古代的木柴是要花钱买的,柴米油盐,柴在第一位,这就是由来。
闻言,武氏如五雷轰顶,哽咽哭泣,几乎给武元庆两兄弟跪下了。
“大郎二郎,不要啊。”
“过冬没有柴火,你妹妹她们怎么办,会冻死的。”
“求求你,赶明儿我上西市去看看,看还有没有杂活的,我接一些,定把钱补上成吗?”
“母亲大人,不要求他们!”
“他们是赌输了钱,故意克扣咱们的月钱,故意欺负我们没有依靠,等我入了宫,我定不会再让母亲再受半点委屈。
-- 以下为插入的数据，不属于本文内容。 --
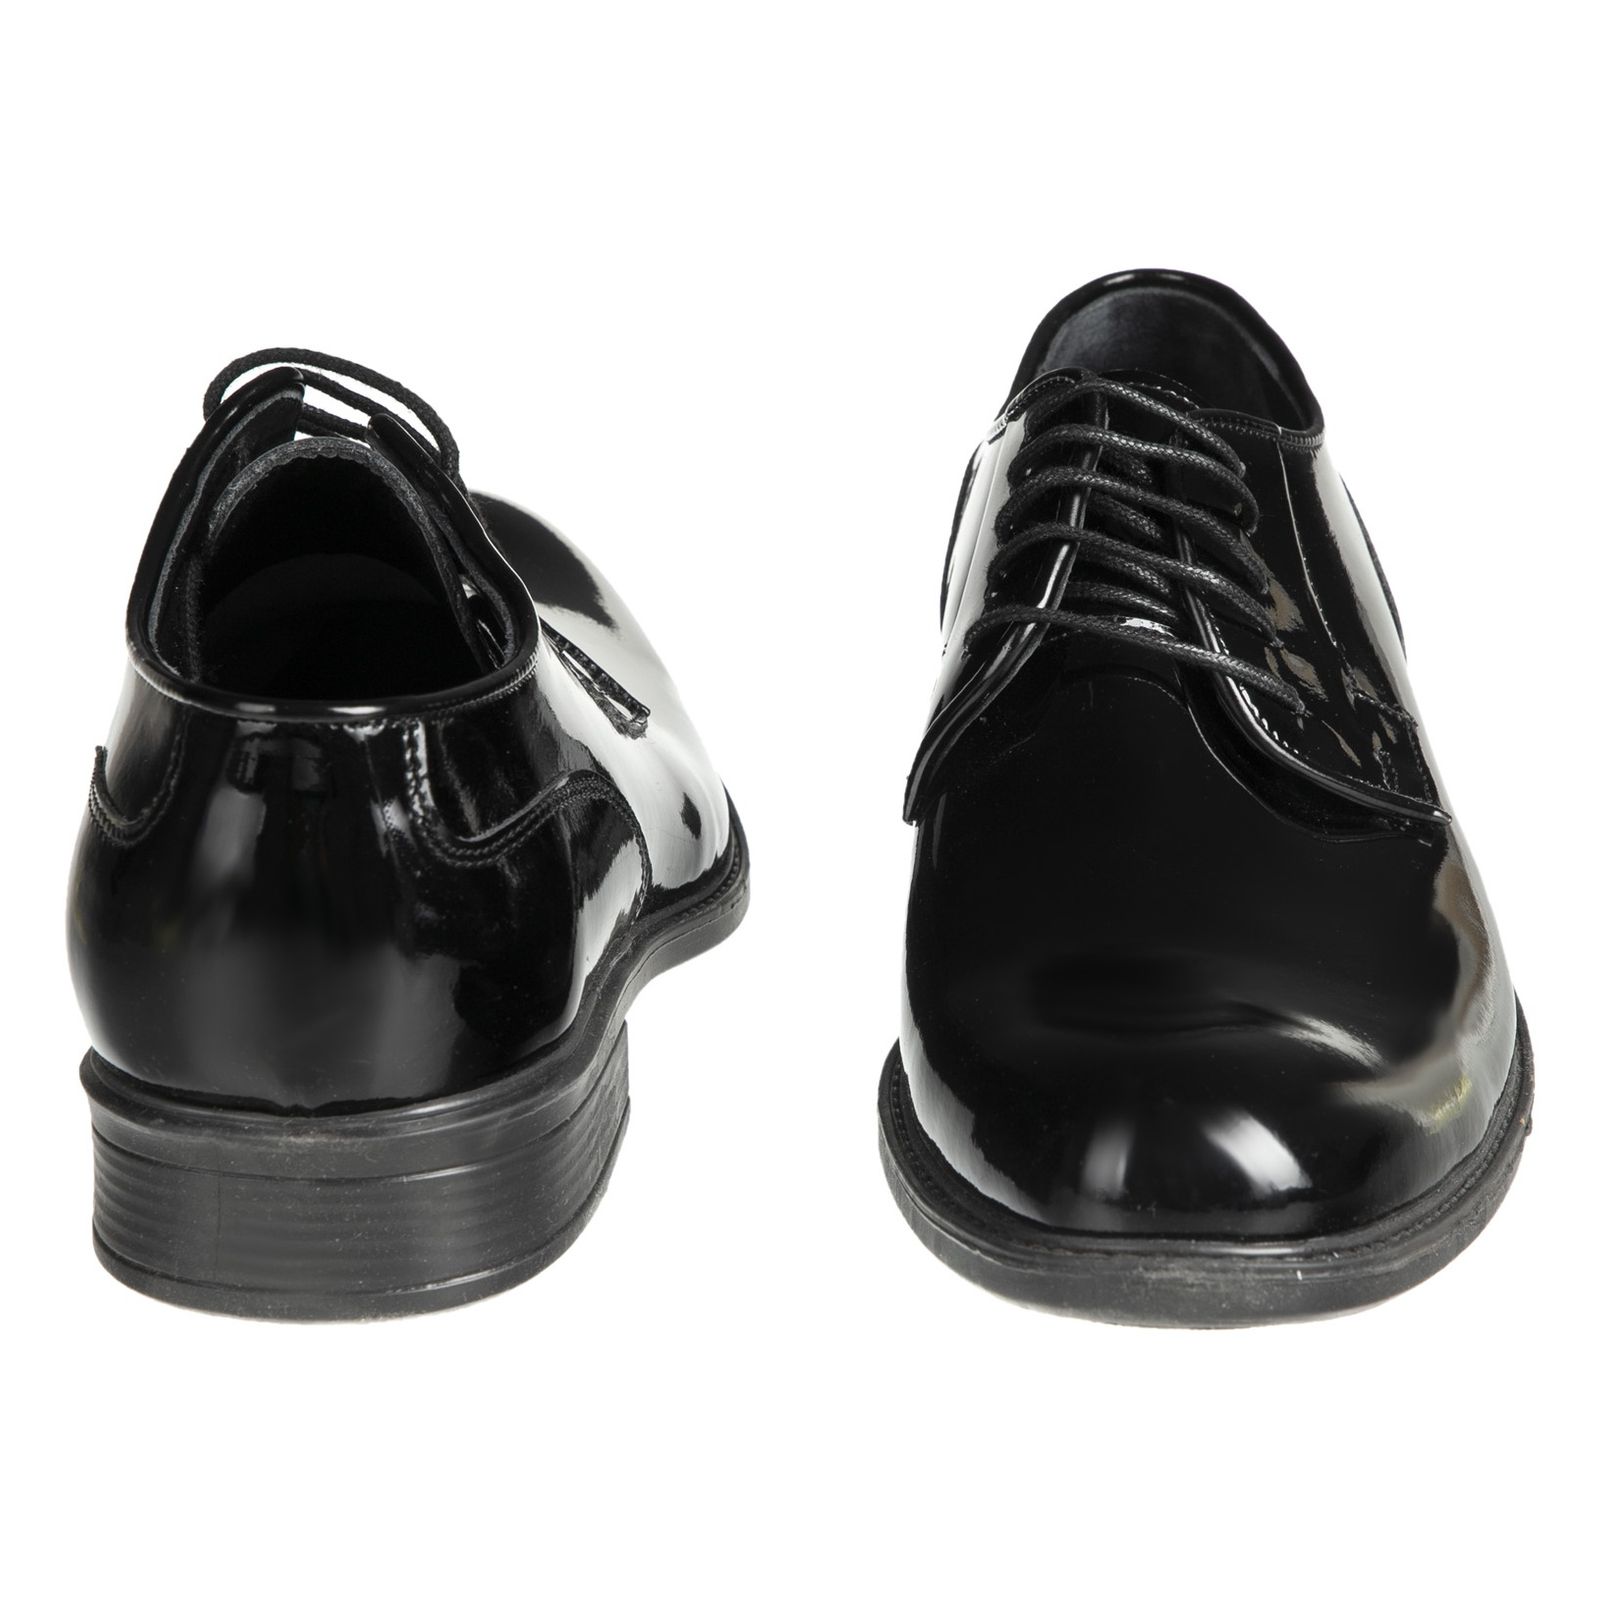 کفش مردانه دلفارد مدل 7219e503-101 - مشکی - 5

”
“起来!”
一道悲愤,但格外好听和坚韧的少女声音响起。
这激怒了武元庆和武元爽。
“小贱人,你翅膀硬了,敢跟大哥这么说话!”
“你不是我的兄长,等我出头的那一天,我定要你们好看!”少女无惧,发出威胁。
“找死!”
武元庆大怒,一家之主的地位受到了挑衅,一巴掌直接扇了过去。
他人高马大,这一巴掌,岂是一个十五岁少女能承受的了的。
武氏发出尖叫,想要挡下,却已经来不及。
眼看,这一巴掌就要落下。
“住手!!”
千钧一发,一声怒吼震动柴房,乃至整个后院。
强大的气势迅速镇住了现场。
齐刷刷的目光看了出来,只见一个陌生年轻男子,牵着武兰的手走了进来。
“母亲大人!”
武兰冲了进去,孤苦无依的母女几人抱头痛哭,一片哀调。
足见武士彟死后,这庶出的一房没有个男丁,受了多少欺负。
母亲姐姐妹妹都在哭,只有武媚没哭,仿佛从小就不是爱哭的人。
这是李元昌和她的第一次见面,第一次对视,那一眼,仿佛跨越了千年!
李元昌怔神了一瞬,这就是女皇的少女时期么?
五官极美,龙眼凤眉,英气十足!
不过尚且有几分青涩,脸庞是莹润的鹅蛋形,肌肤雪白丝滑如新瓷,双眉纤长,像是青山远黛般让人沉迷。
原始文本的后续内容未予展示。